Una conclusione che potrebbe essere di particolare aiuto proprio in patria, considerato che in India è particolarmente diffuso il diabete di tipo 2, in parte a causa del fenotipo dell’Asia meridionale, ovvero a una maggiore predisposizione genetica, in grado di rendere i cittadini del subcontinente maggiormente suscettibili all’insulino-resistenza, e al diabete di tipo 2.

Di qui, l’utile spunto della ricerca, che sottolinea ancora una volta l’importanza dell’assunzione delle mandorle nella dieta di tipo 2. Per arrivare a tale valutazione, i ricercatori hanno monitorato lo stato di salute di 50 adulti di età compresa tra 25 e 70 anni, contraddistinti da diabete di tipo 2 e elevati livelli di colesterolo.

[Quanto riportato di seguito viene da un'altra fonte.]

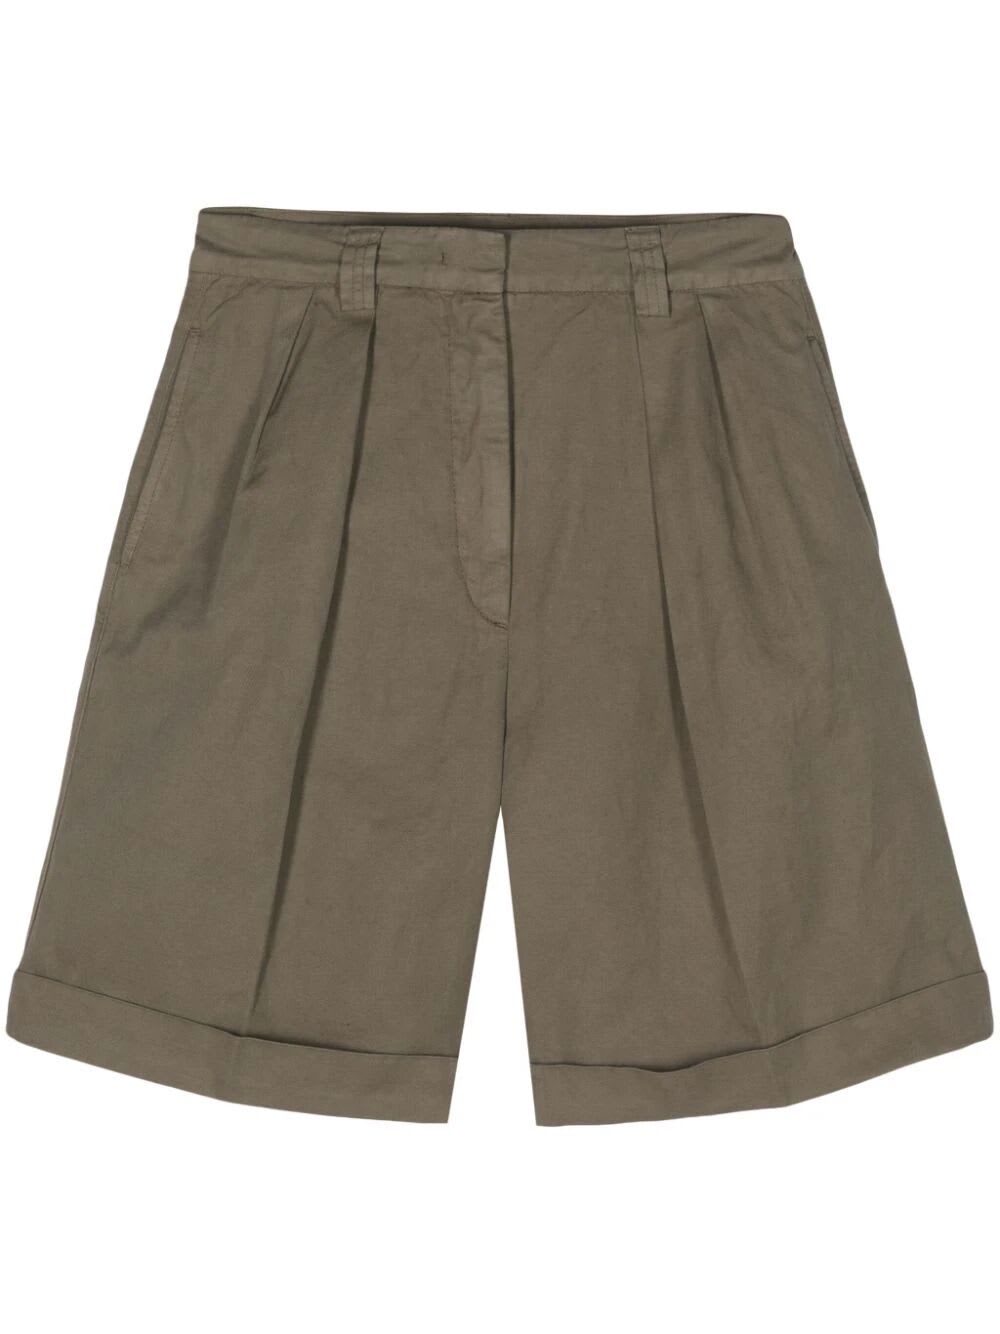 Mod 0210 Shorts

Al termine dell’osservazione, i ricercatori hanno scoperto che una maggiore assunzione di mandorle all’interno della propria dieta alimentare era in grado di condurre a una significativa flessione di una gamma di fattori di rischio critici, come ad esempio il colesterolo totale, i trigliceridi sierici, il colesterolo LDL, la proteina C-reattiva.

Insomma, quanto basta per poter indurre a un più sentito consiglio sui cambiamenti alimentari, introducendo magari uno spuntino a base di mandorle all’interno della propria quotidianità, in sostituzione di prodotti ben meno salutari.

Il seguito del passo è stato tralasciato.